Iranian artist sentenced to 12 years in prison

Iranian artist sentenced to 12 years in prison

TEHRAN
A court in Tehran has sentenced an Iranian artist to 12 years and nine months in prison for criticising the government and “spreading propaganda against the system,” The Art Newspaper reported on June 3.

Atena Farghadani was arrested in August last year for drawing a cartoon that mocked members of parliament; her trial began on May 19. 

Farghadani depicted Iranian parliamentarians as monkeys and goats in protest at plans to introduce two separate bills, which will outlaw voluntary sterilisation and restrict access to contraception. She faced charges of “insulting members of the parliament through paintings” and “insulting the Supreme Leader” according to the Iranian judiciary.

Amnesty International says in a statement that the sentence is “far in excess of the statutory maximum punishment for the charges she faced.” 

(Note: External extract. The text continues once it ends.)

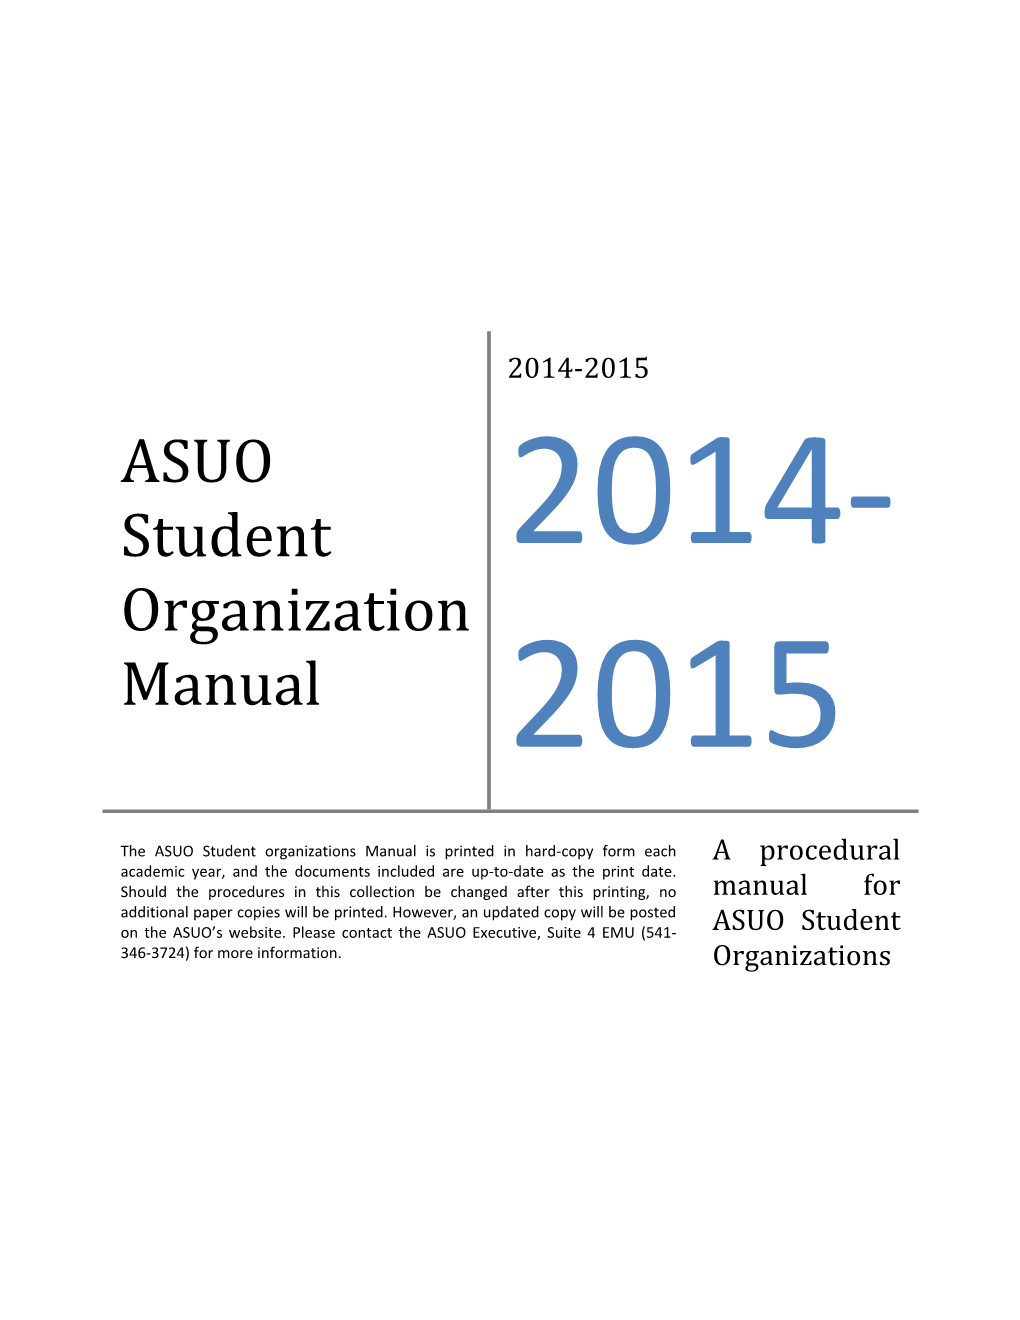 ASUO Student Organization Manual

The authorities took action after Farghadani showed works dedicated to demonstrators killed in the aftermath of the disputed 2009 election when Mahmoud Ahmadinejad became president. “[Her] exhibition, entitled ‘Birds of Earth’, was attended by relatives of political prisoners,” Amnesty says.

Last summer, 12 officers from the Revolutionary Guards confiscated her belongings including her books and laptop. She was held in Evin Prison in Tehran for almost two months, with 15 days in solitary confinement.

She was freed in November but was rearrested after posting a video message on YouTube in which she says she was allegedly beaten by guards at Evin. 

She was re-arrested and was held at Gharchak Prison in the southern city of Varamin. Early February, she started a “wet” hunger strike (taking water but not food) and was transferred to an external hospital.